In May 1997, a computer called Deep Blue defeated Garry Kasparov in a six-game match for the world chess championship. Kasparov was, by wide consensus, the greatest chess player who had ever lived. The result sent shockwaves through culture, philosophy, and cognitive science. But the most interesting thing about that moment isn’t what it meant for chess. It’s what it revealed about the shape of AI progress — a shape we’re still tracing today.
Deep Blue was not intelligent in any general sense. It evaluated around 200 million positions per second using custom VLSI chips, hand-tuned evaluation functions, and decades of human grandmaster knowledge baked into its heuristics. It couldn’t play checkers. It couldn’t recognize a photo of a chessboard. It had one extraordinary capability, purchased at enormous engineering cost, and that capability happened to be sufficient to beat the best human on earth at one specific task.
That’s the pattern. It keeps recurring, and each iteration arrives faster and at greater scale than the last.

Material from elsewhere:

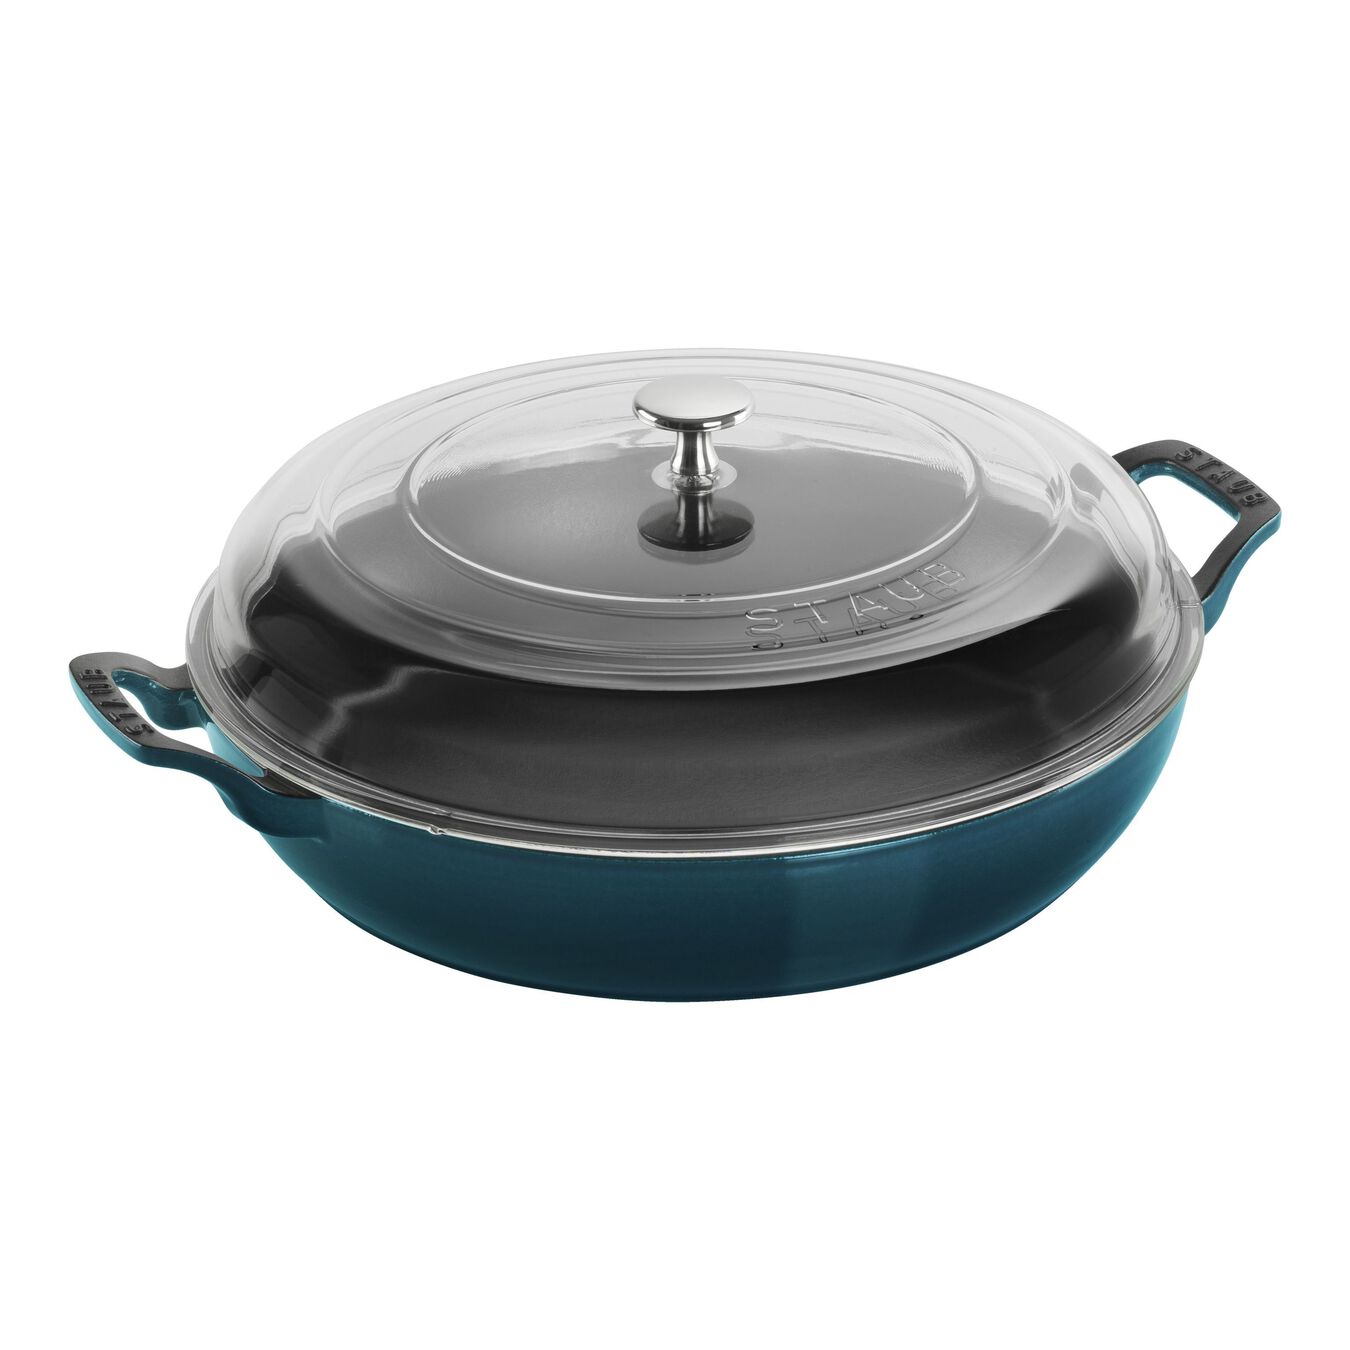 12-inch, Saute pan with glass lid, la mer,,large 1

What Deep Blue demonstrated — though few framed it this way in 1997 — is that “superhuman performance” is not a single threshold you cross. It’s a moving, task-specific frontier. Deep Blue crossed it for classical chess. AlphaGo crossed it for Go in 2016, but did so in a fundamentally different way: rather than encoding human knowledge, it discovered its own through self-play, generating strategies that professional players described as genuinely alien. AlphaZero then crossed the same frontier for chess, shogi, and Go simultaneously, starting from nothing but the rules, and it played in a style that looked nothing like Deep Blue’s brute-force search. Three different architectures, three different epistemologies, the same headline result.

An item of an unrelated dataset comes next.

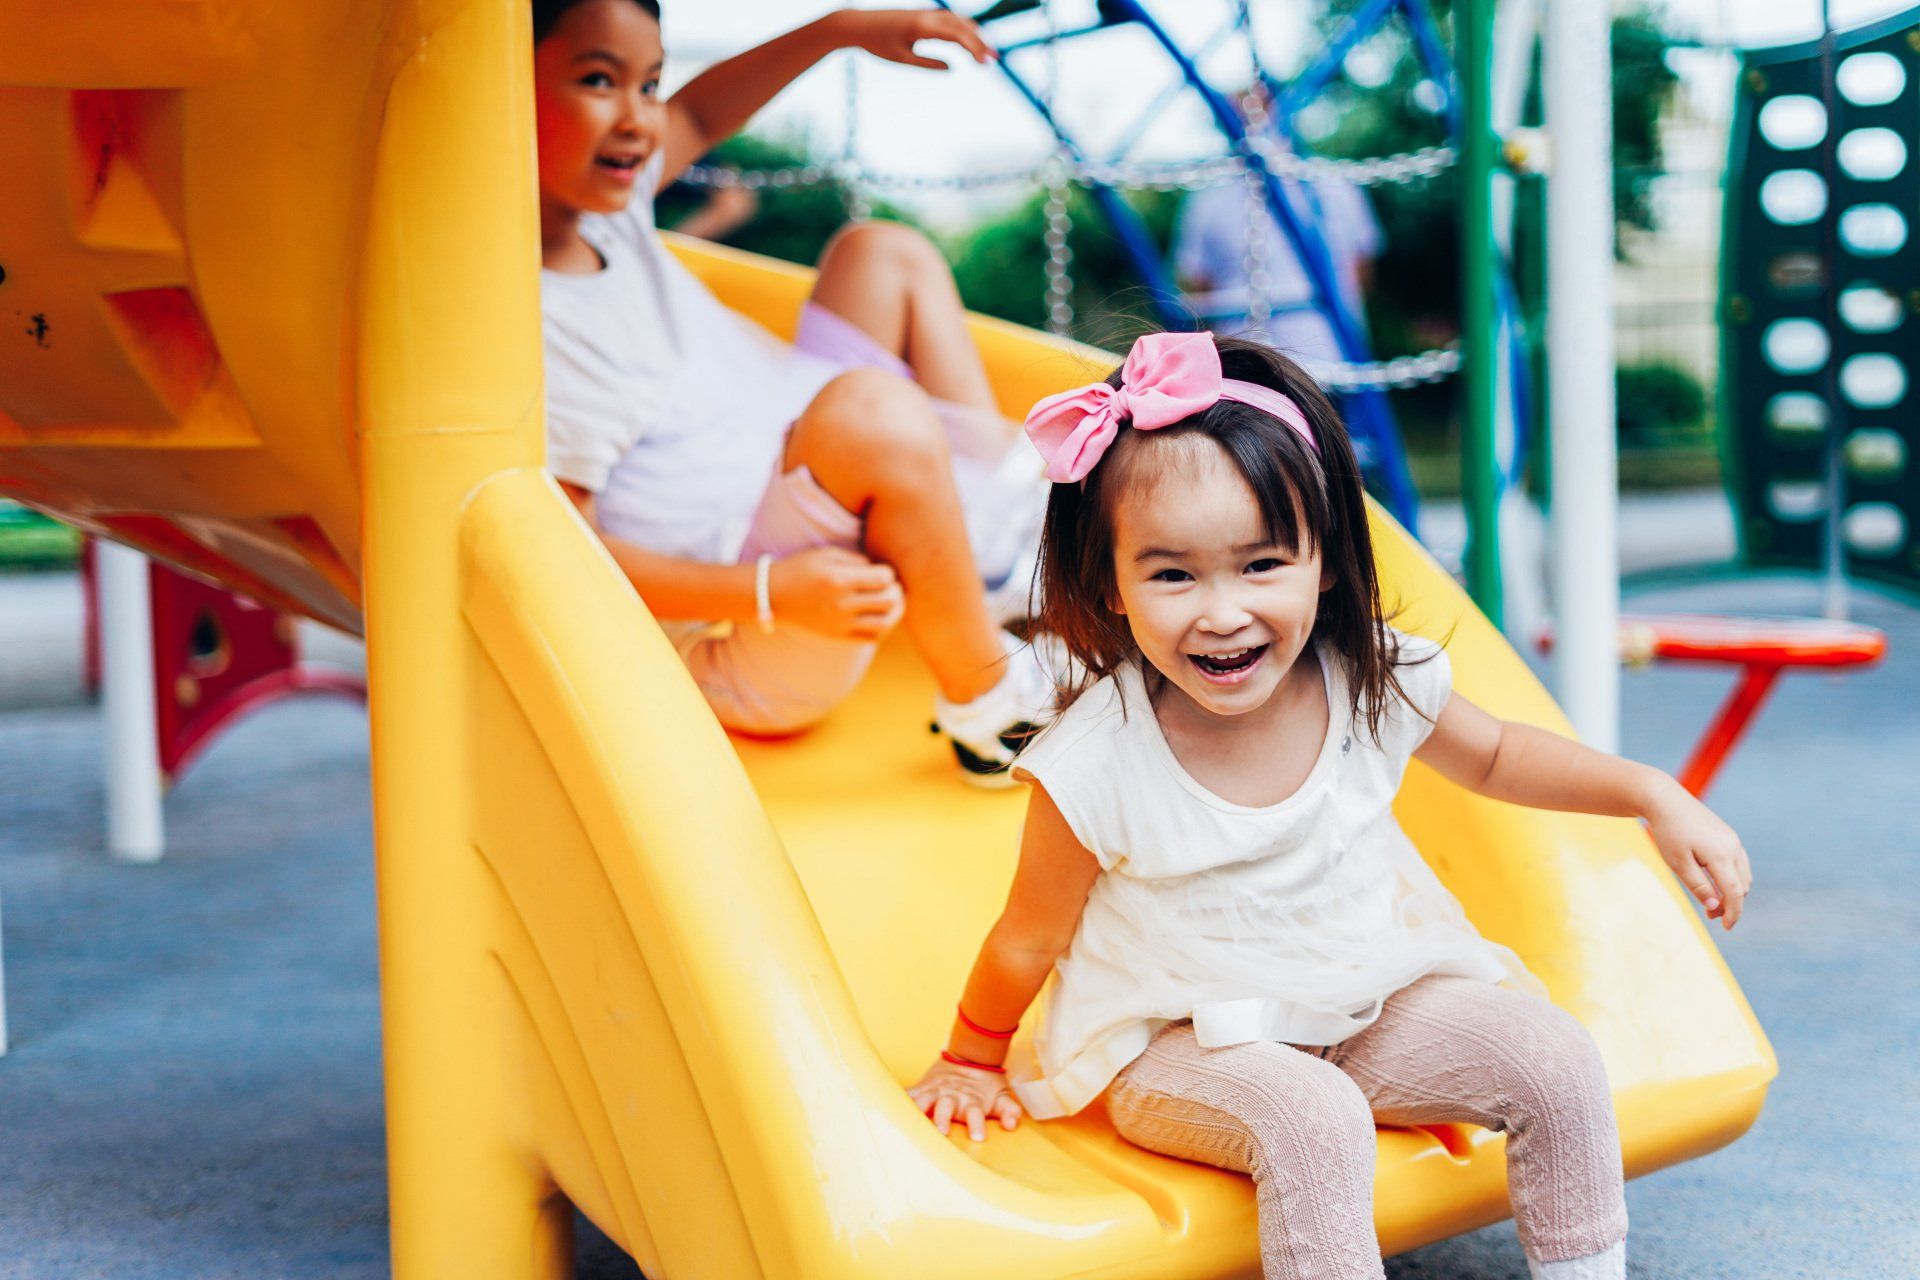 Avoiding Personal Injury at Playgrounds

The trajectory from Deep Blue to AlphaZero spans just over two decades. What changed isn’t just raw compute, though compute matters enormously. What changed is the nature of what the systems learned and how they learned it. Deep Blue’s knowledge was largely installed by humans. AlphaZero’s was self-generated. That shift — from engineered knowledge to learned knowledge — is arguably the single most consequential methodological transition in the history of the field.
And it didn’t stop at games. The same self-play and reinforcement learning logic that powered AlphaZero became a conceptual ancestor to the techniques now used to train large language models to reason, to code, to solve graduate-level mathematics. When a model today works through a multi-step proof or debugs a complex system, the intellectual lineage runs back through those game-playing systems and the insight that an AI can bootstrap capability by competing against itself in a structured environment.

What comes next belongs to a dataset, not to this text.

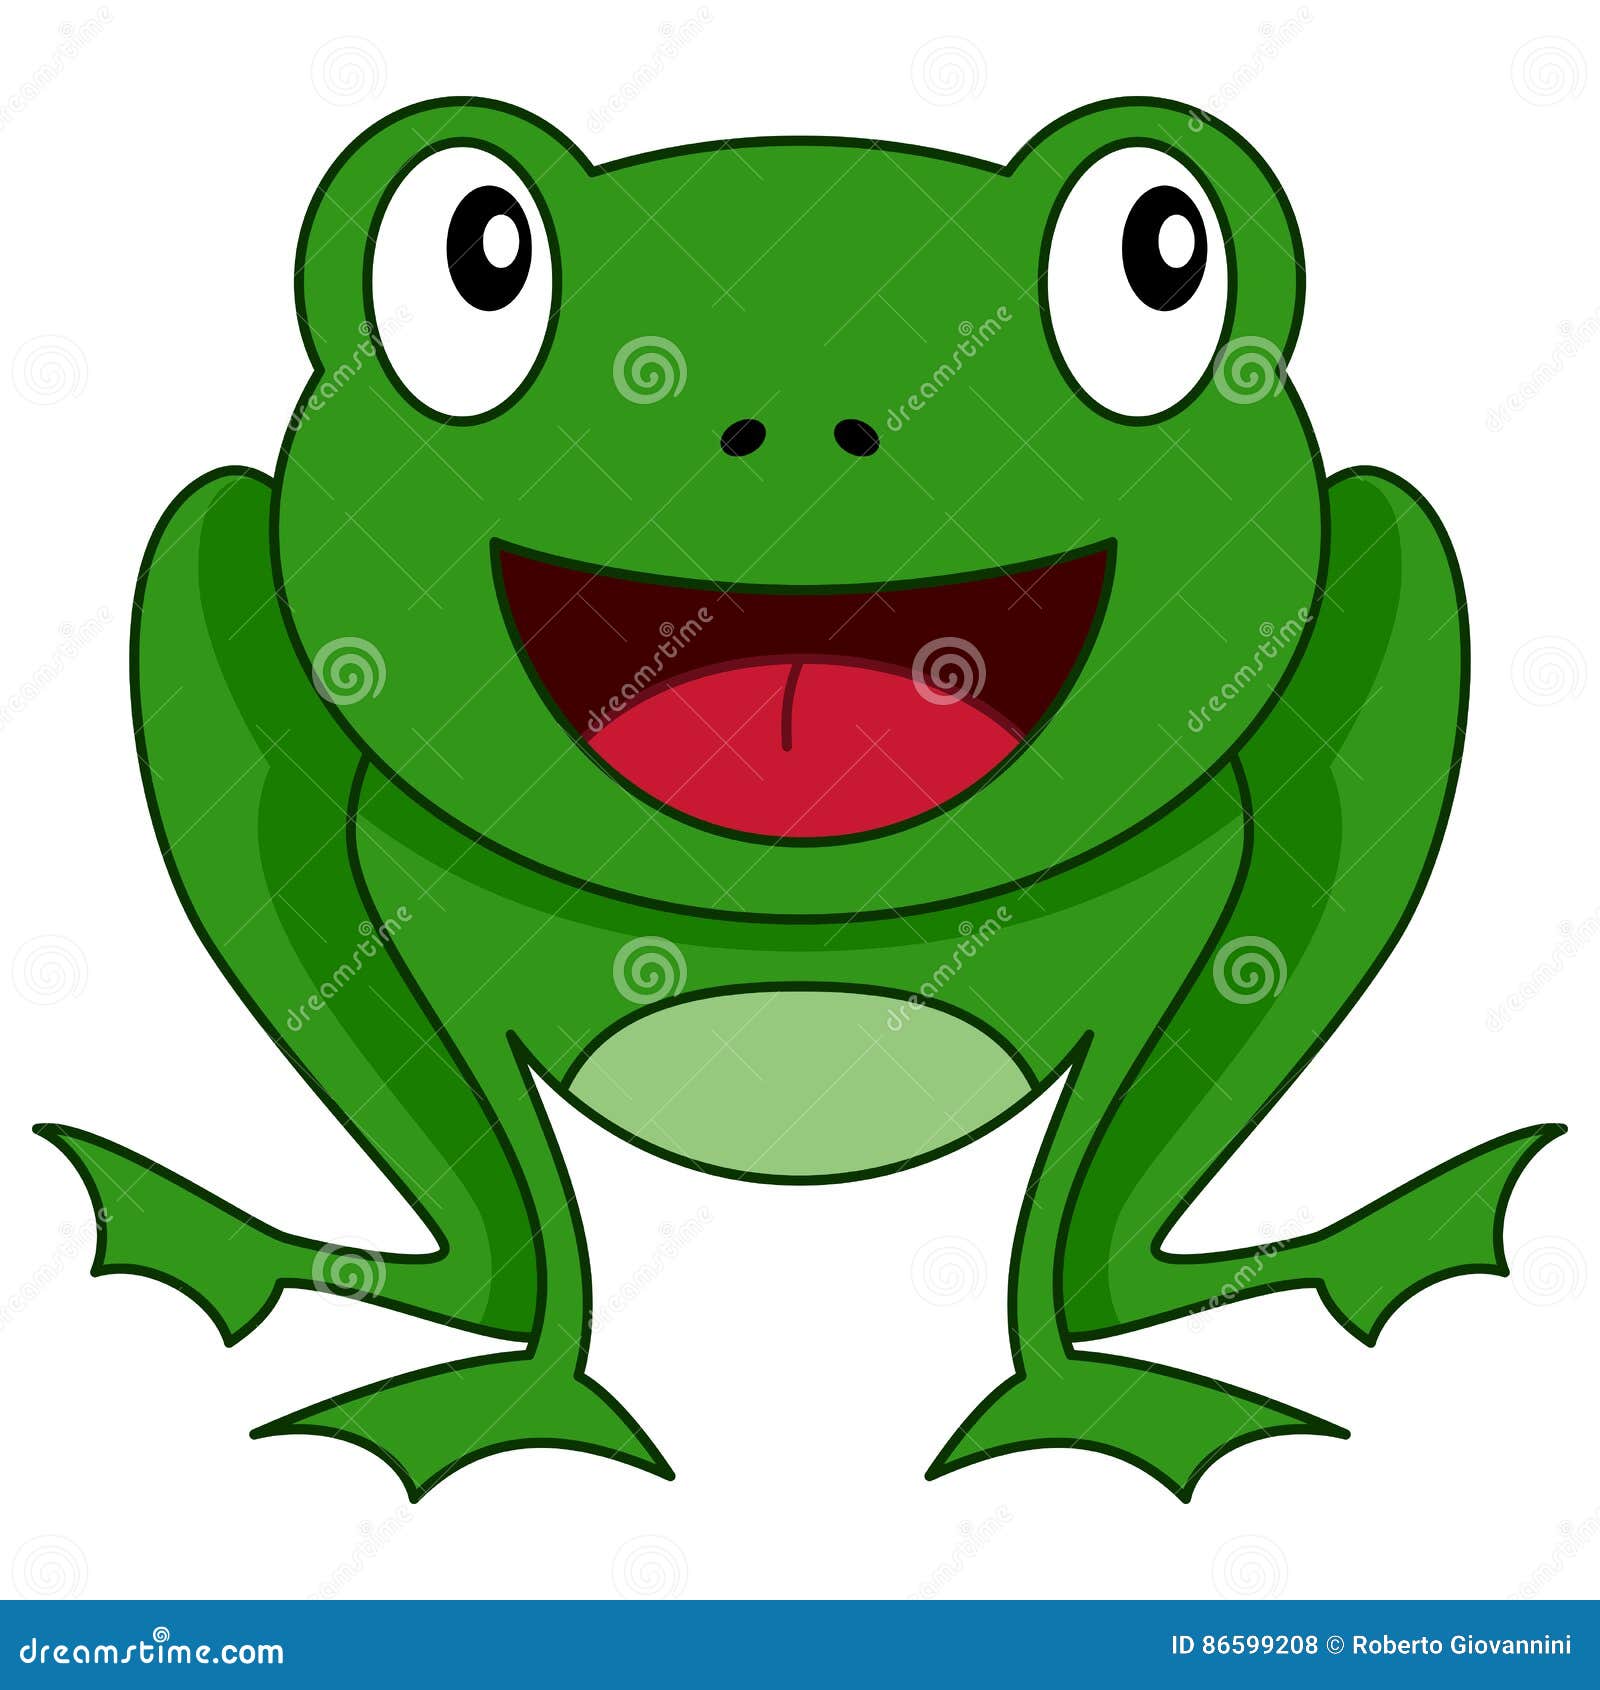 Images Of Cute Cartoon Frog Face

Kasparov himself, to his credit, eventually arrived at a productive framing of the 1997 match. The question was never whether machines would surpass humans at chess. Once you accept that chess is a finite, deterministic game with a computable optimal strategy, the question was only when. The more interesting question — which Kasparov spent years exploring — is what humans and machines can do together that neither can do alone. His work on advanced chess, where human-computer teams competed, was an early and prescient experiment in what we now call human-AI collaboration.
What the Deep Blue moment actually proved is that the ceiling on machine performance at any well-defined task is effectively unreachable from the human side. Once a system is designed to optimize a specific objective with sufficient compute and the right architecture, human performance becomes a waypoint rather than a destination.
We’ve now internalized that lesson so thoroughly that superhuman performance on narrow benchmarks barely registers as news. The frontier has moved to something far more interesting: systems that generalize, that reason across domains, that learn continuously. Deep Blue beat a grandmaster. What comes next is harder to define, and harder still to overestimate.